When determining the vapor pressure of water, the bubble volume is 1.2mL at 5 degrees celsius.
-How many moles of dry air were in the bubble? (assume 1 atm)
-If the bubble volume is 8.6mL at 75 degrees celsius, what is the partial pressure of the dry air at this temp?
To determine the number of moles of dry air in a bubble, we can use the ideal gas law equation:
PV = nRT
Where:
P = pressure of the gas
V = volume of the gas
n = number of moles of the gas
R = ideal gas constant
T = temperature in Kelvin
First, we need to convert the temperature from Celsius to Kelvin. To do that, we add 273.15 to the temperature in Celsius.
1. Converting 5 degrees Celsius to Kelvin:
T1 = 5 + 273.15 = 278.15 K
Now, let's calculate the number of moles of dry air using the ideal gas law equation:
P1 × V1 = n × R × T1
Given:
P1 = 1 atm (assuming 1 atm)
V1 = 1.2 mL = 0.0012 L (converting mL to L)
R = 0.0821 L·atm/(mol·K) (ideal gas constant)
Substituting these values into the equation, we can solve for n:
(1 atm) × (0.0012 L) = n × (0.0821 L·atm/(mol·K)) × (278.15 K)
n = (1 atm × 0.0012 L) / (0.0821 L·atm/(mol·K) × 278.15 K)
n ≈ 5.82 × 10^-5 moles
Therefore, there are approximately 5.82 × 10^-5 moles of dry air in the bubble at 5 degrees Celsius.

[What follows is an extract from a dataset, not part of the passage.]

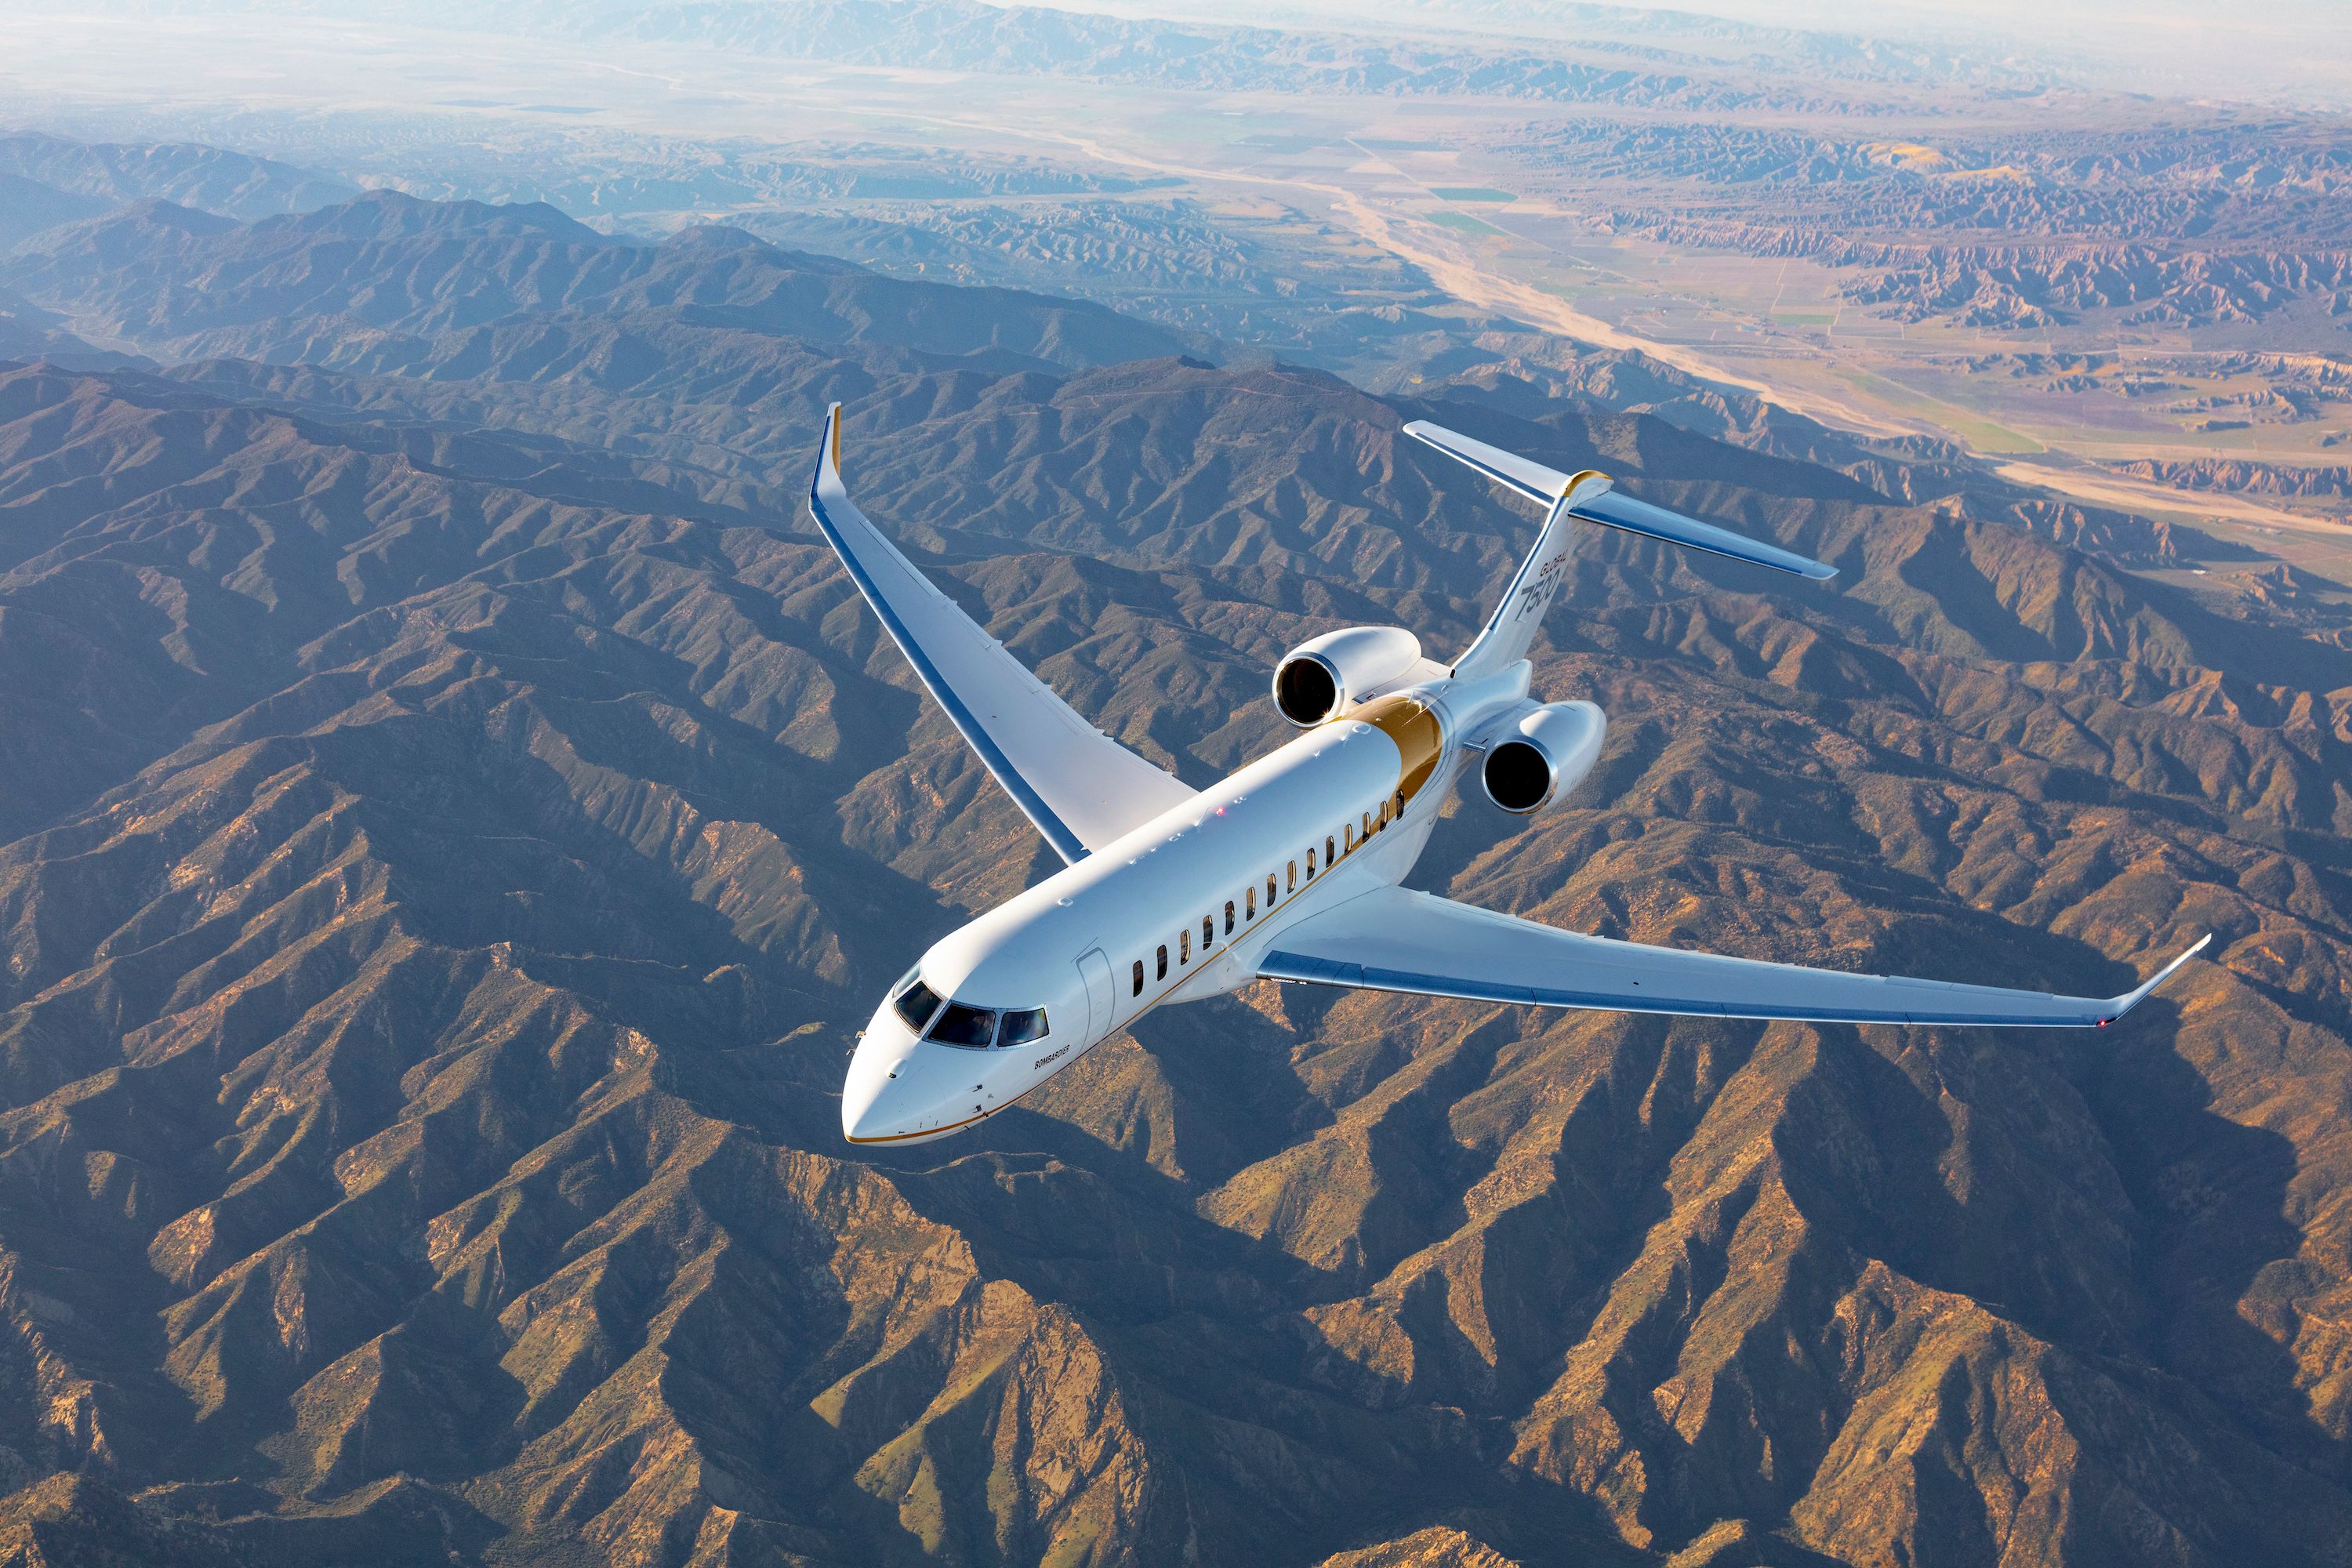 A Bombardier Global 7500 flying in the sky.

Moving on to the second question:
To determine the partial pressure of dry air at 75 degrees Celsius, we can again use the ideal gas law equation:
P × V = n × R × T
Converting 75 degrees Celsius to Kelvin:
T2 = 75 + 273.15 = 348.15 K
Given:
V2 = 8.6 mL = 0.0086 L (converting mL to L)
Now, we need to find the new pressure, denoted as P2. We already know that the number of moles n remains the same, and the temperature has changed.
P2 × V2 = n × R × T2
Substituting the known values:
P2 × 0.0086 L = (5.82 × 10^-5 moles) × (0.0821 L·atm/(mol·K)) × (348.15 K)
Solving for P2:
P2 = [(5.82 × 10^-5 moles) × (0.0821 L·atm/(mol·K)) × (348.15 K)] / 0.0086 L
P2 ≈ 1.76 atm
Therefore, the partial pressure of dry air in the bubble at 75 degrees Celsius is approximately 1.76 atm.